Impersonator-turned-hijacker

The corrupted package appears to be linked to another trio of rogue NPM libraries discovered earlier in the month by researchers from DevOps automation specialist Sonatype.

One of these JavaScript packages, which impersonated legitimate libraries but in fact launched cryptominers on Windows, macOS, and Linux machines, purported to be UA-Parser-JS.

Sonatype said it alerted the NPM security team to the malicious packages on October 15 within hours of their release, and the rogue libraries were removed on the same day. The NPM account for the author who released them was also deactivated.
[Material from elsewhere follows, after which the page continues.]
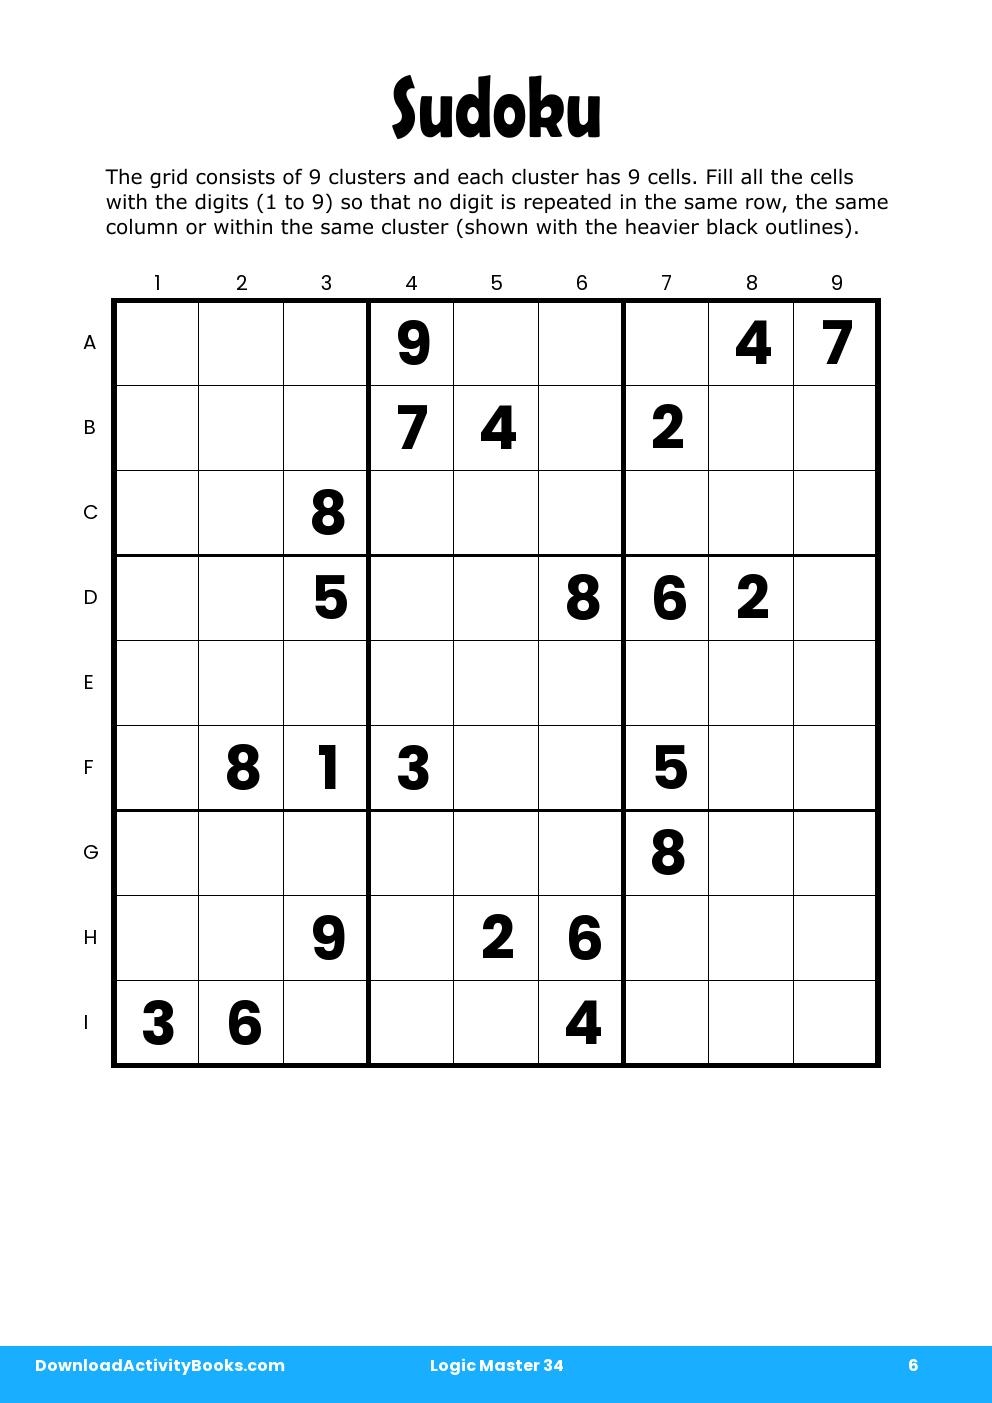 Sudoku in Logic Master 34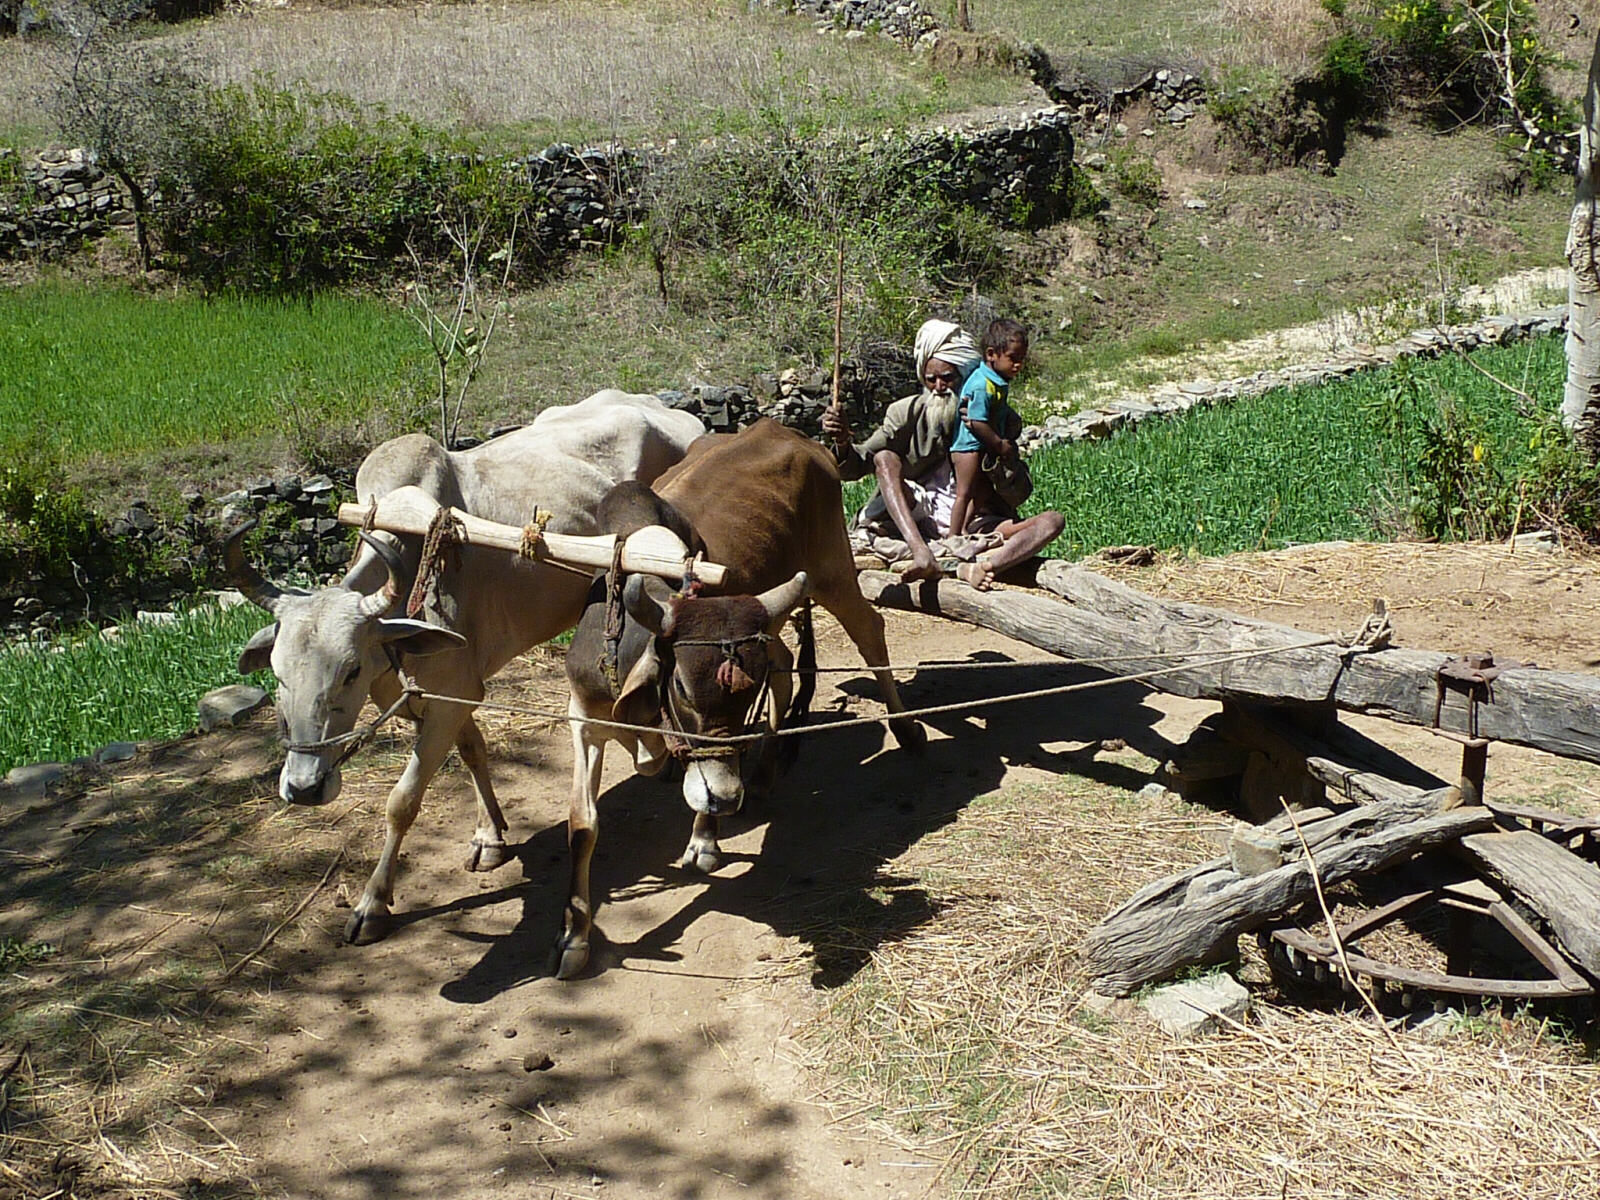 An ox-driven waterwheel near Ranakpur, Rajasthan, India

Sonatype said the rogue libraries were among thousands of suspicious packages – “either confirmed malicious, previously known to be malicious, or dependency confusion copycats” – that it had detected on the NPM Registry in recent weeks.

The firm’s latest annual State of the Software Supply Chain Report recently revealed that software supply chain attacks have soared by 650% year on year, surpassing 12,000 incidents over 12 months.

The Daily Swig has sent additional queries to package developer Faisal Salman. We will update this article if and when we receive a response.